What is Vitamin E?
Vitamin E is a generic term for a group of tocol and tocotrienol derivatives. It is a fat-soluble vitamin that exists in a variety of forms in many foods (eg, spinach, nuts, sunflower seeds, olives, asparagus, vegetable oils, mangoes, wheat germ, whole-wheat breads). The most common form in a Western diet is alpha-tocopherol. The most important chemical characteristic is its antioxidant property, which in foods, blocks the addition of oxygen to fats, causing rancidity. In the body, antioxidants may prevent formation of reactive oxygen species, which can cause damage to proteins and DNA in tissues.
What is it used for?
Vitamin E was discovered in 1922 when reproductive abnormalities in rats reared on a basic diet were cured by a substance isolated from vegetable oils. A pure fraction was chemically identified in 1938 and named tocopherol after the Greek words tokos and phero meaning "child birth" and "to bring forth."
Routine use of high-dose vitamin E for cancer, cardiovascular disease, diabetes, and epilepsy is not recommended. Vitamin E supplementation may have a role in treating age-related macular degeneration, dysmenorrhea, preeclampsia, rheumatoid arthritis, and tardive dyskinesia. Topical use of vitamin E has been investigated for the reduction of scarring.
What is the recommended dosage?
Dosages in clinical trials range from 400 to 1,600 units/day. The established safe upper limit is 1,000 mg/day (1,500 units/day), but due to findings from meta-analyses, a lower safe dosage of 150 to 200 units/day has been suggested.
Contraindications have not yet been identified.

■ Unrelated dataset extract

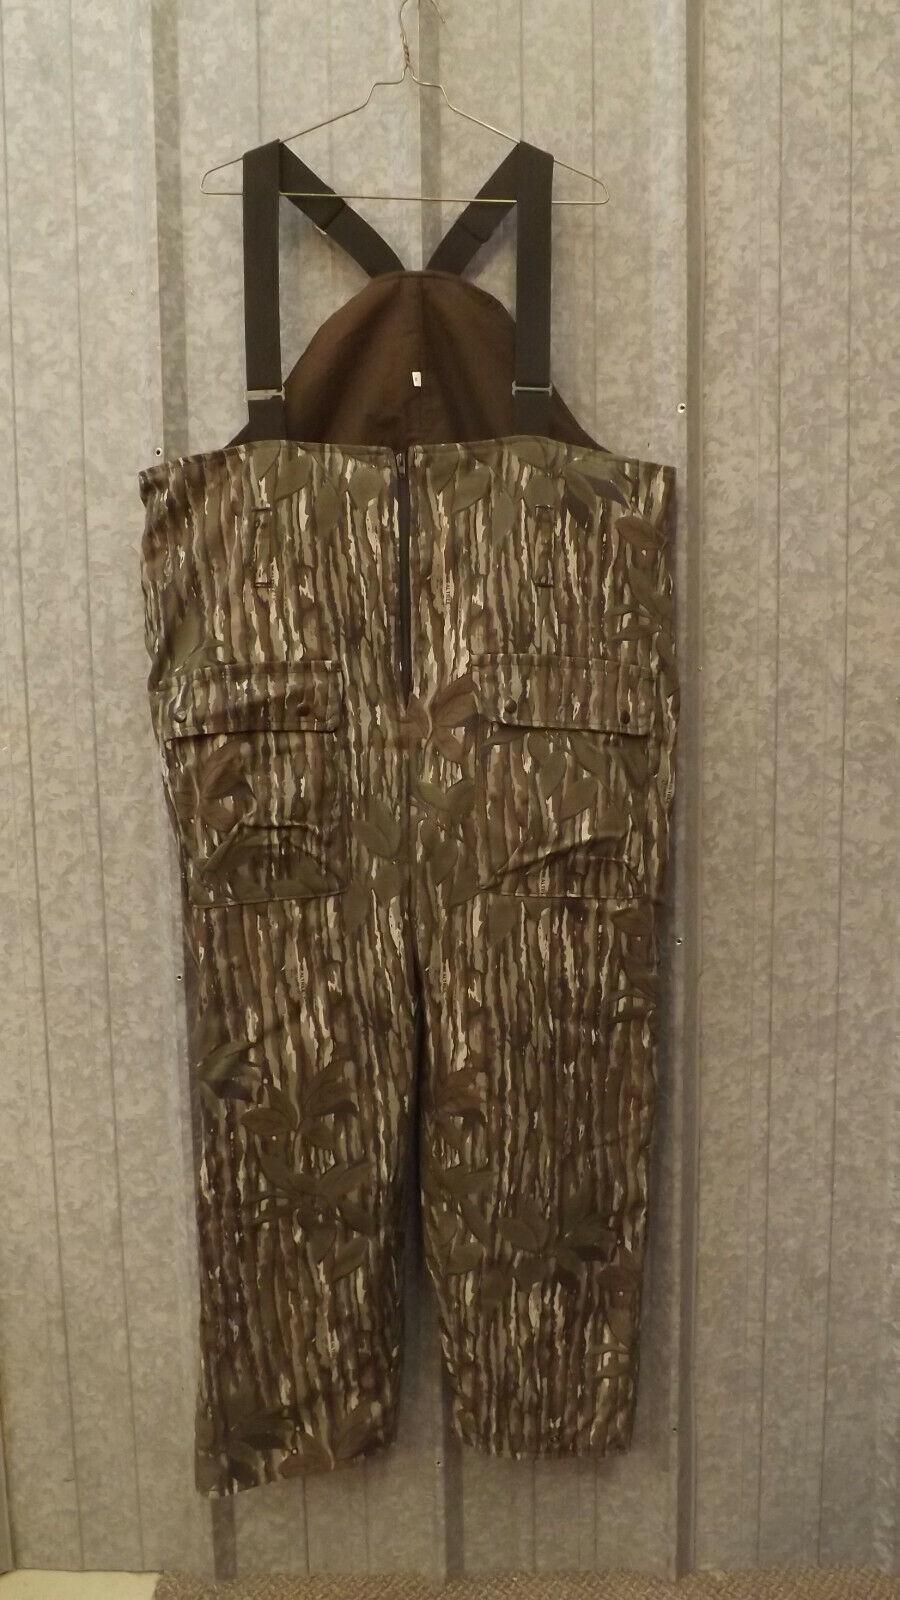 Vtg NEW Realtree Green Leaf Camo Thintech Waterproof Bibs Sz XXL Johnson Garment

Trials have been conducted in pregnant women (see Uses and Pharmacology). The majority of trials report no increase in negative fetal outcome, but results regarding birth-weight are conflicting. Considering the evidence of harm (all-cause mortality), high-dose vitamin E supplementation should be used with caution. Natural food sources are preferred.
Orlistat may reduce vitamin E absorption. Vitamin E may increase the anticoagulant effect of warfarin and may decrease the benefits of atorvastatin therapy.
Meta-analyses of trials investigating high-dose vitamin E supplementation have found evidence of harm. Low-dose vitamin E supplementation (150 mg/day) does not appear to have any serious adverse reactions. High doses of vitamin E may prolong bleeding time.
Vitamin E is a known antioxidant. However, it may also act as a pro-oxidant, causing oxidation and consequent damage to cells. The use of high-dose vitamin E supplementation may increase the risk of cancer in certain populations and also increase mortality.